2.0 out of 5 stars
Clive Davis is Satan, November 29, 2009
This review is from: Cruel Summer (24bt) (Audio CD)
Everytime I hear Clive Davis' name, I shudder. The man is either responsible for producing and promoting amazing successes (at the sacrifice of artistic credibility -- see Whitney Houston, Carlos Santana), or achieves the complete opposite when his musical McDonaldsization approach backfires on him (see Ace of Base.) Obviously, as seen by his results, the man doesn't care about music. Only profits, and exploitation. Kelly Clarkson did the right thing by avoiding his influence for her My December album.
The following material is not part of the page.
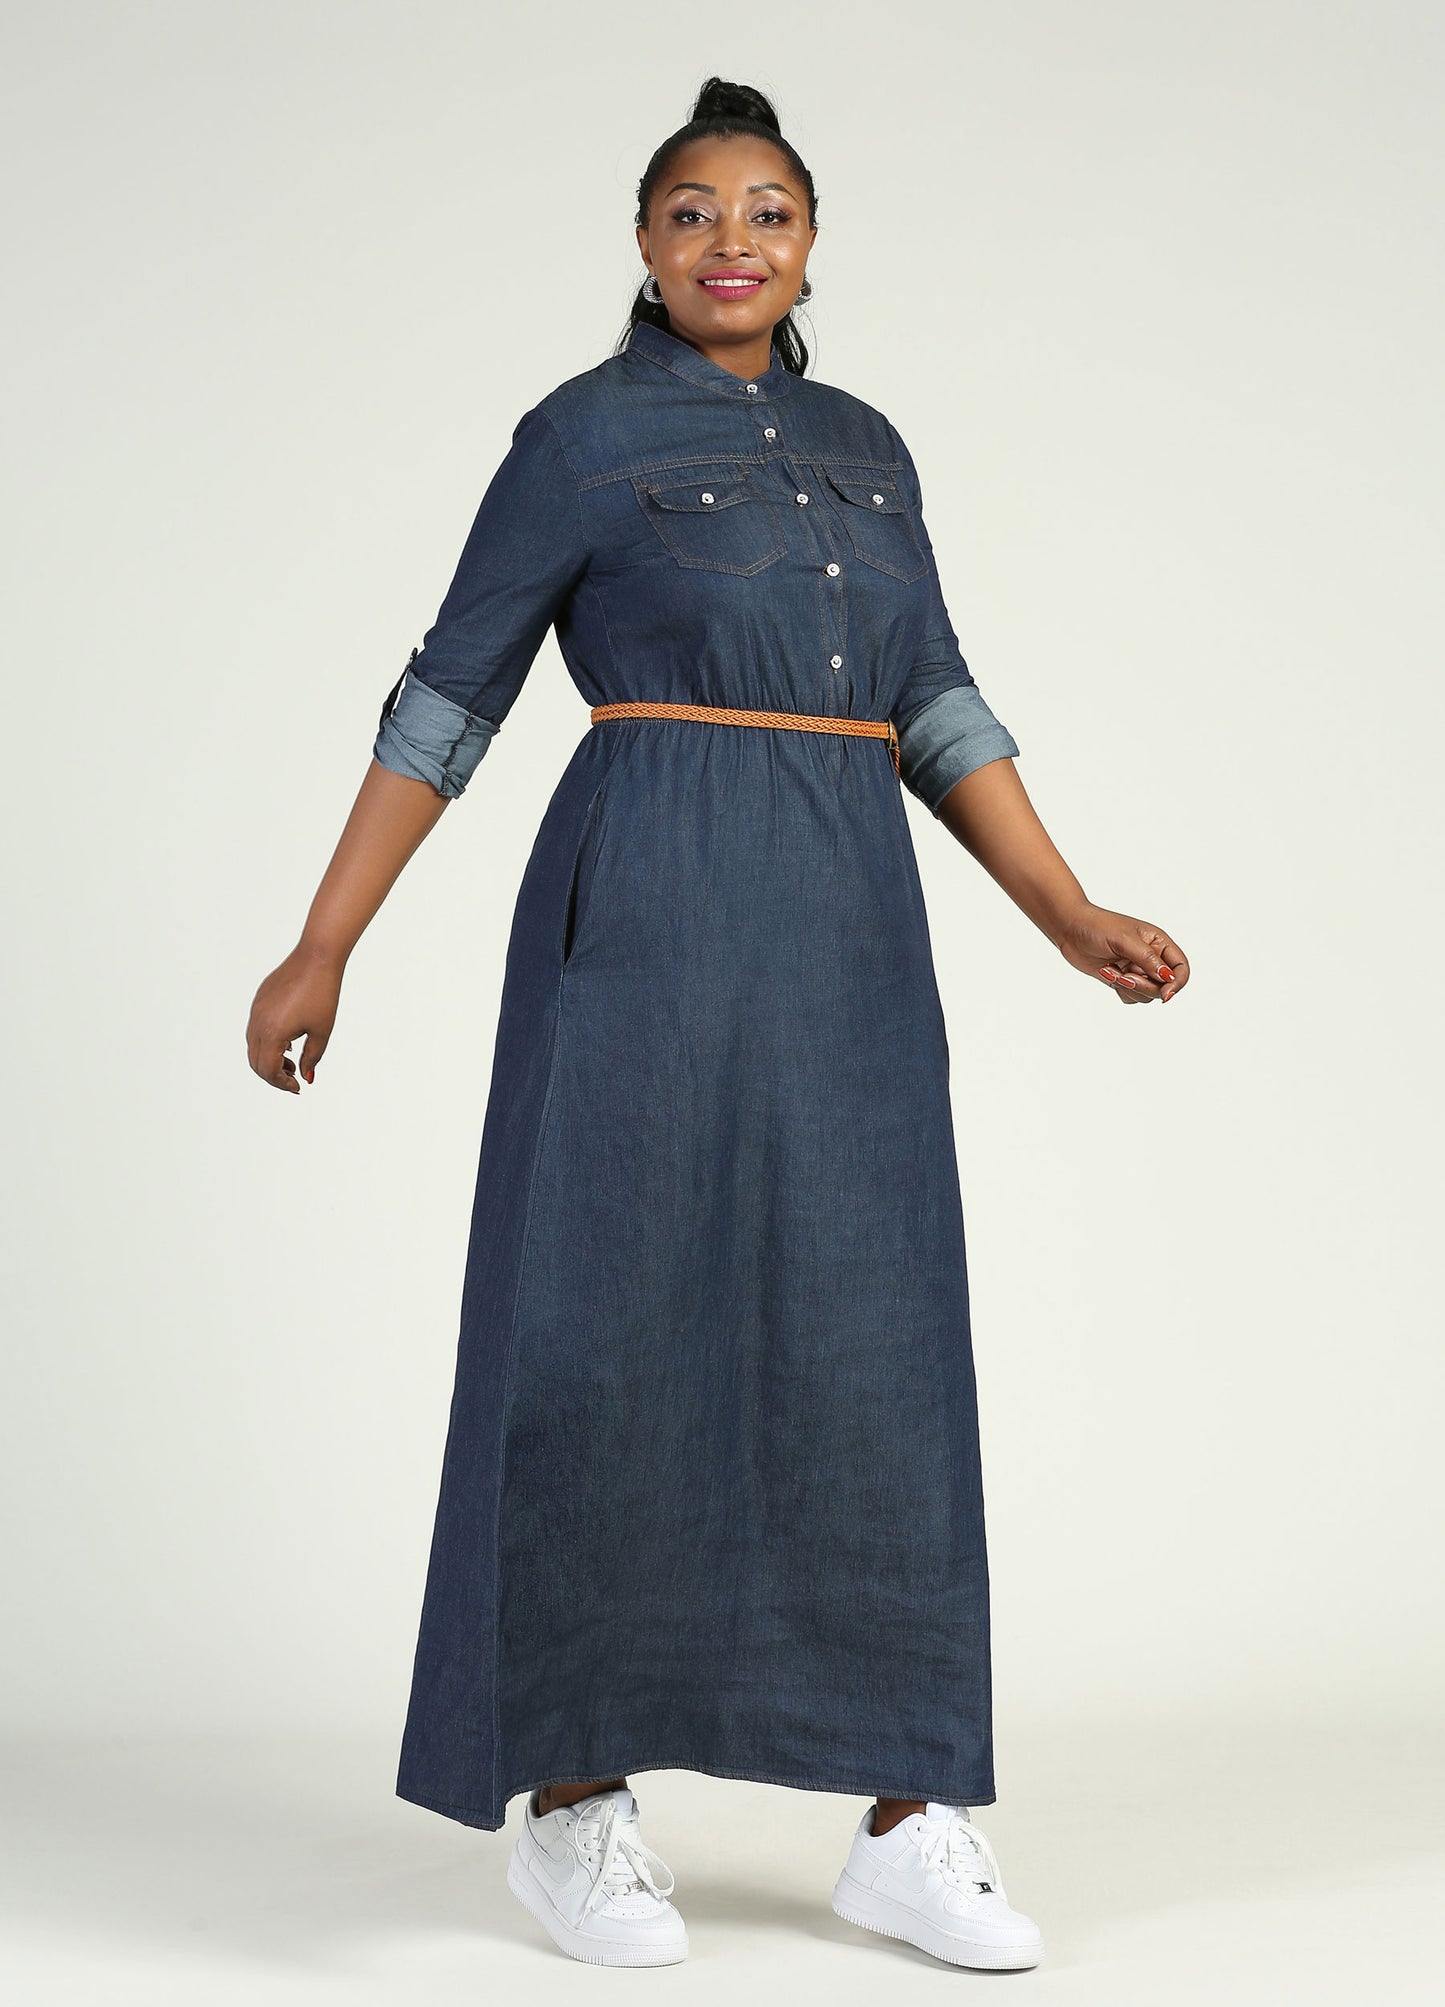 MECALA Women's Long Sleeve Denim Shirt Dress-Dark Blue
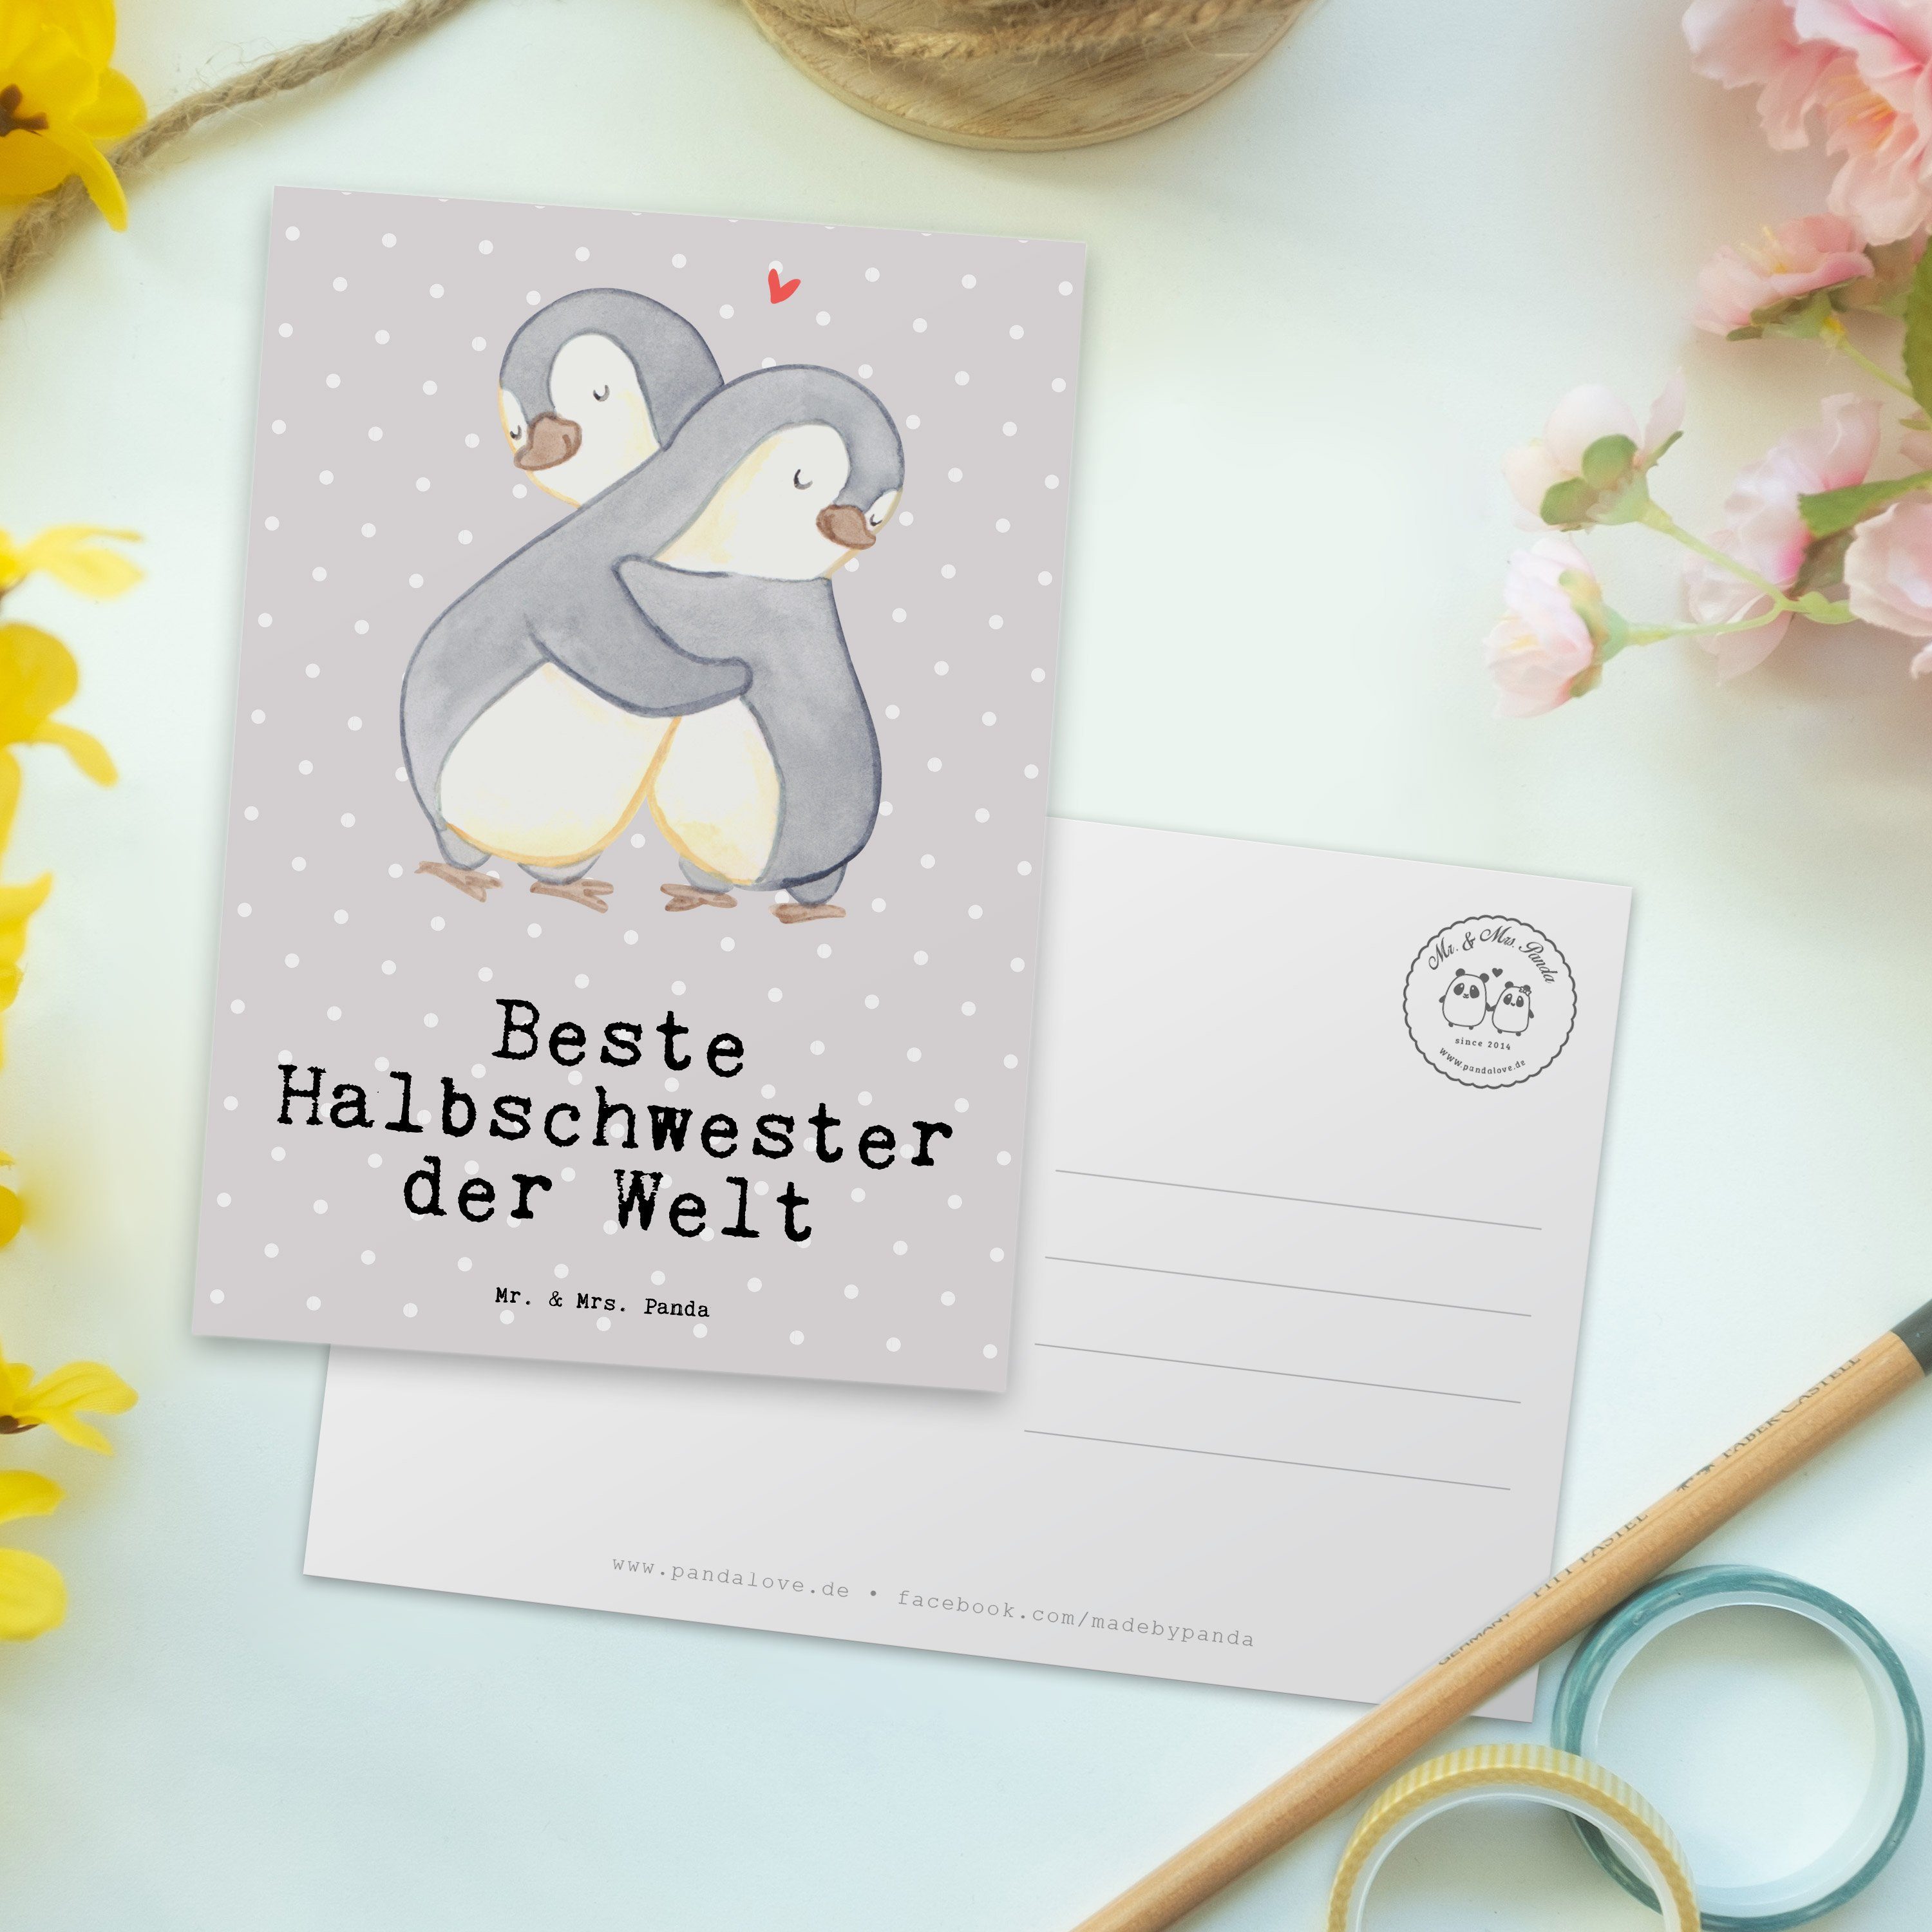 Mr. & Mrs. Panda Beste Pastell - der Pinguin Welt - Halbschwester Einla Postkarte Grau Geschenk

Although it sold less than her previous discs, she maintained her credibility, which matters far more than units sold.
Ace of Base, unfortunately, was maimed by his presence. Due to his meddling on their US version of the album (titled Cruel Summer here, Flowers evrywhere else), tracks were dropped, and songs and lyrics were changed. All for the worse, in my opinion.
Bear in mind, not all of the failure of Cruel Summer is his fault. Ace of Base themselves are at a bit of a low point here. Their unique spiritual reggae-techno is pretty much completely gone here, along with most of their "real" and organic instrumentation, which is what made The Bridge their most well-realized album. Apparently, the lack of its success (compared to The Sign/Happy Nation) must've been weighing on them, because Cruel Summer/Flowers feels like a sell-out. This is mostly just generic late 90's pop music, hardly any different from the sort've crap Britney was putting out shortly after. To add to matters, vocalist Linn Bergrin started to sing less, letting her sister Jenny handle most of the lead vocals. This trend would continue even more onto the next album, with Linn eventually leaving the group altogether in the mid-2000's.
Admittedly, the group does try some experimenting on Cruel Summer. They try their hand at a sort've 70-90's disco pastiche with "Cecelia". "Donnie" has the piano and strings of an ABBA song (I guess they decided to go ahead and relent to those ABBA rip-off accusations), and "Always Have, Always Will" is in a 60's Motown style, complete with tambourine, drums, strings and ooh-ahh backup singers. Sadly, most of these experiments fail.
It's not all clouds, however. "Travel To Romantis" and "Tokyo Girl" are fun dance-pop tunes. "Life Is A Flower/Whenever You're Near Me" is a great song with "classic" status, on par with their early material. "Cruel Summer" itself is okay, but cover songs by 80's one-hit wonders is usually a one-way ticket to Forgetsville.
Sorry if I seem a bit critical here, but the group's first two albums were among my absolute favorites from the mid-90's, and this one just isn't up to their standards. Thankfully their next album, Da Capo (2002), was a return to form, despite its status as import-only.
Note: The Japanese import contains a remix and two extra tracks.